= Data excerpts =
-----

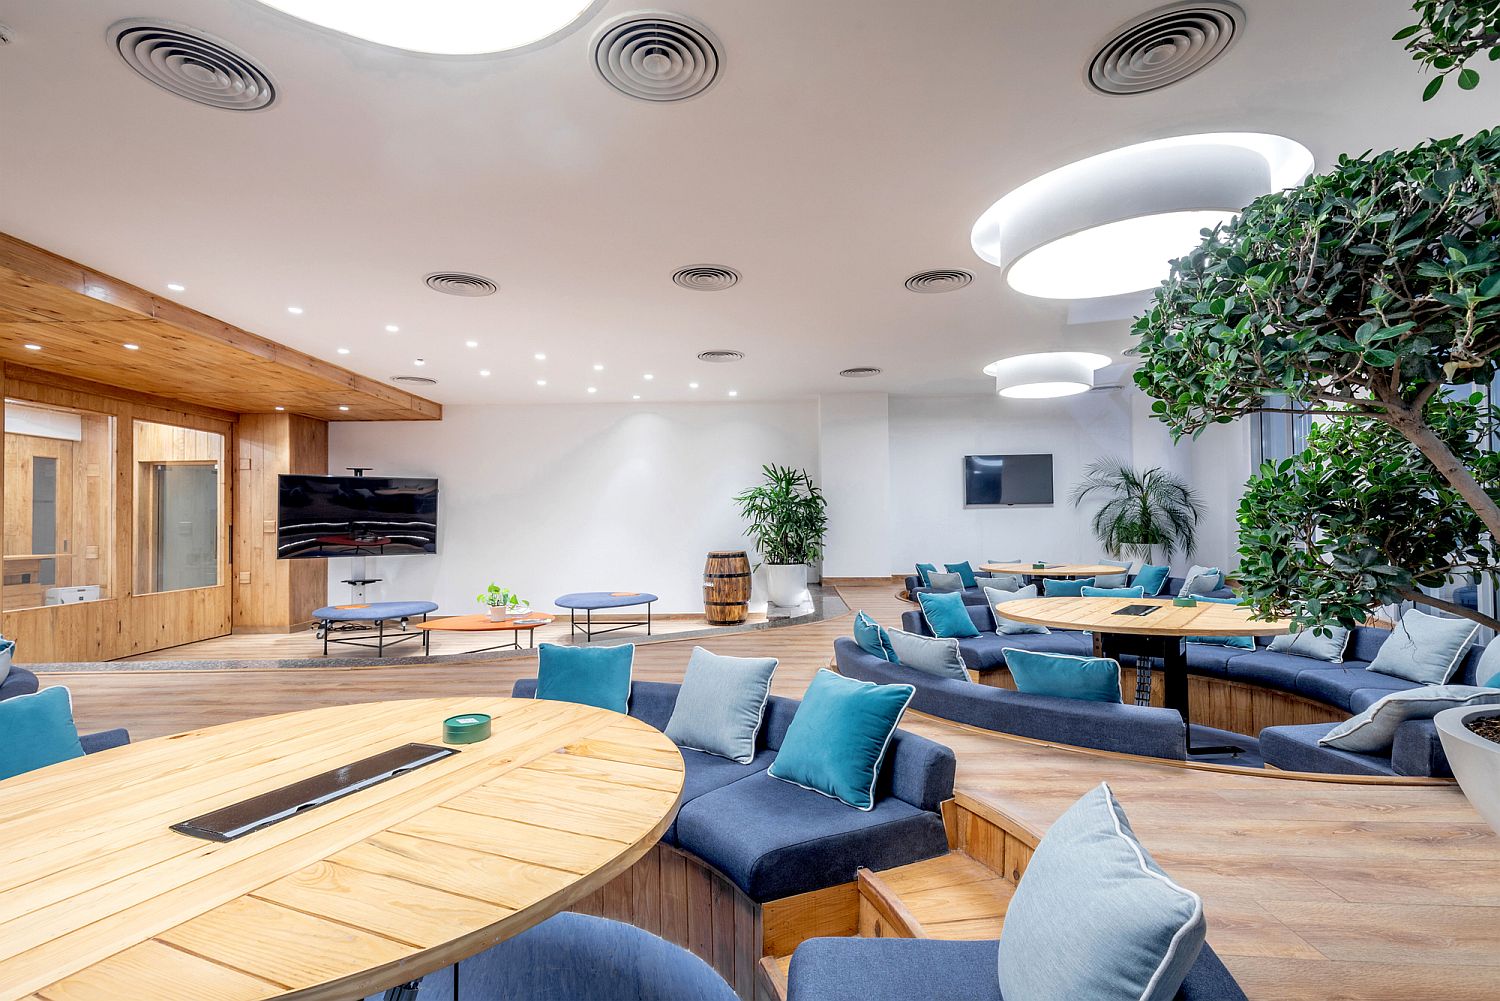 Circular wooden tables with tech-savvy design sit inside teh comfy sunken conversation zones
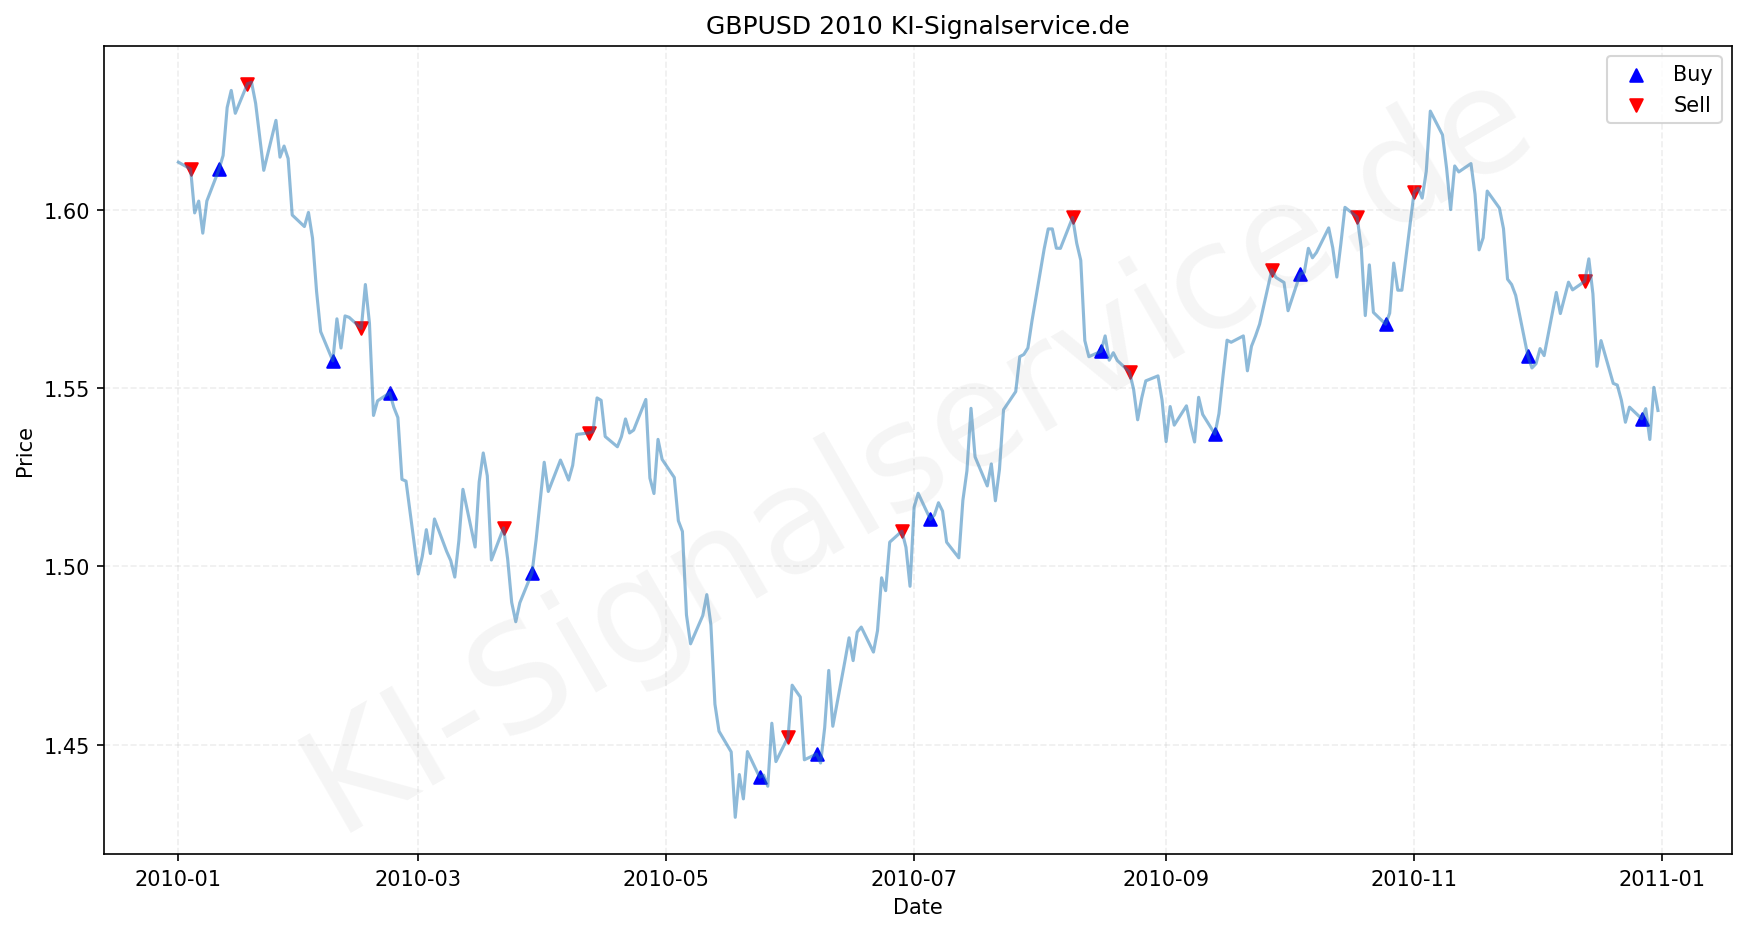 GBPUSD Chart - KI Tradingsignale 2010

-----

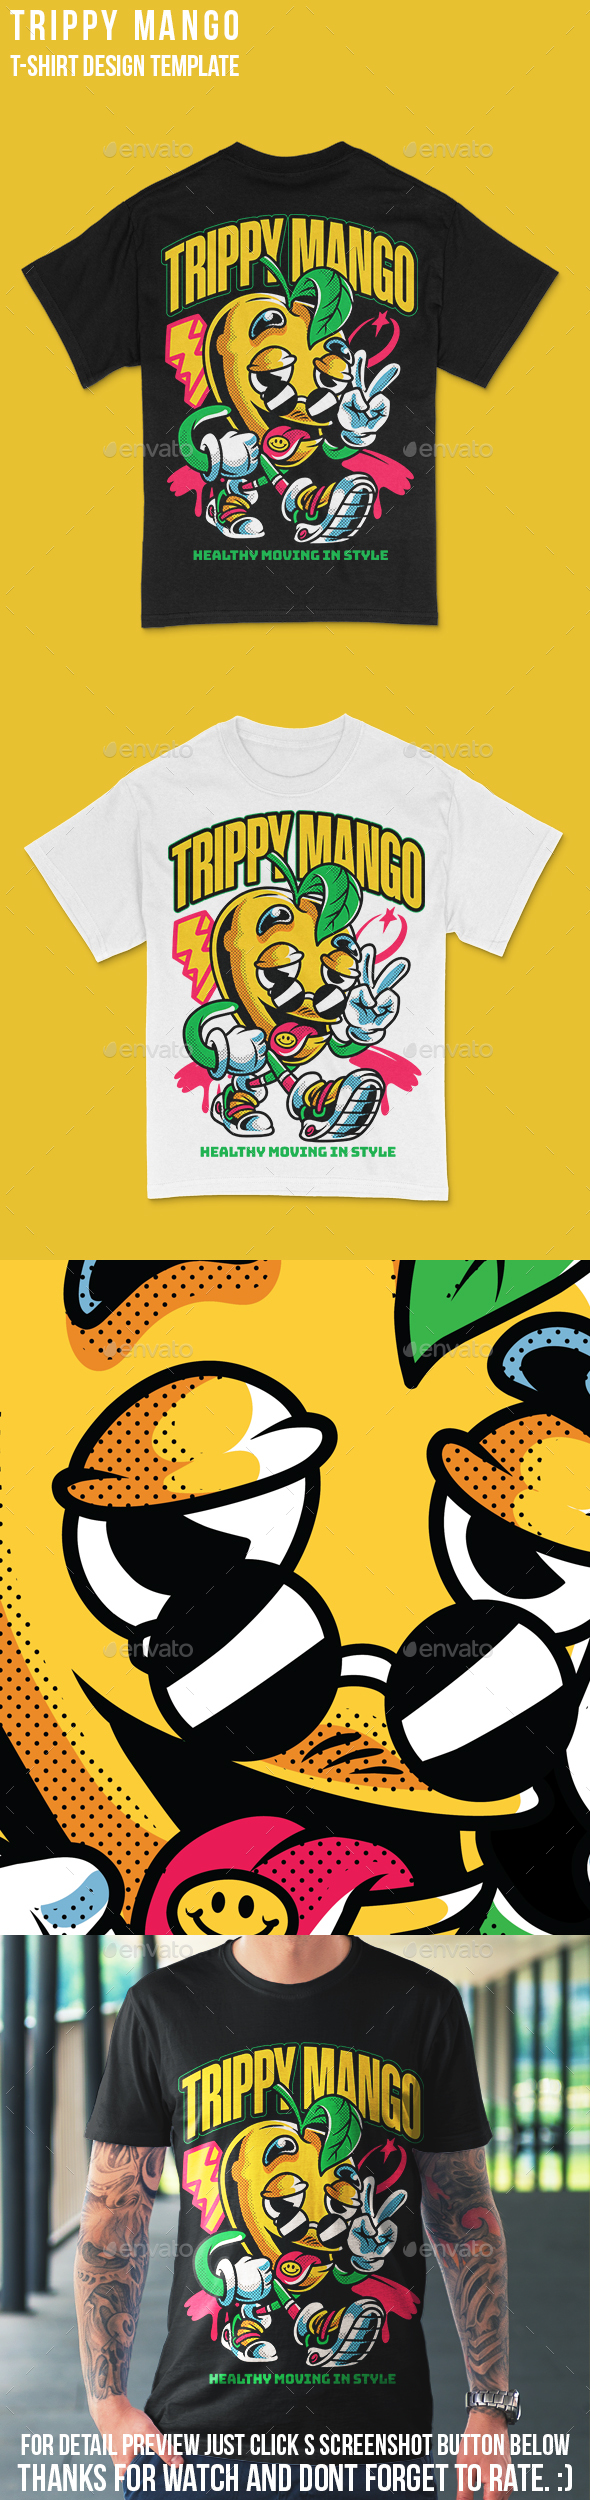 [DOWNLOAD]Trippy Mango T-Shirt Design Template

-----

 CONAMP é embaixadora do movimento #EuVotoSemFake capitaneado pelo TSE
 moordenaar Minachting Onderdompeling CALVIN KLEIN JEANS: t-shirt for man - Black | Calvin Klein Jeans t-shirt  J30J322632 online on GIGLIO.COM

-----

= Your assignment =
Leave out every picture, and copy exactly the lines above starting at the one holding "Circular wooden tables" and ending at the one holding "GBPUSD Chart - KI Tradingsignale 2010", no more and no less.

= Task response =
 Circular wooden tables with tech-savvy design sit inside teh comfy sunken conversation zones
 GBPUSD Chart - KI Tradingsignale 2010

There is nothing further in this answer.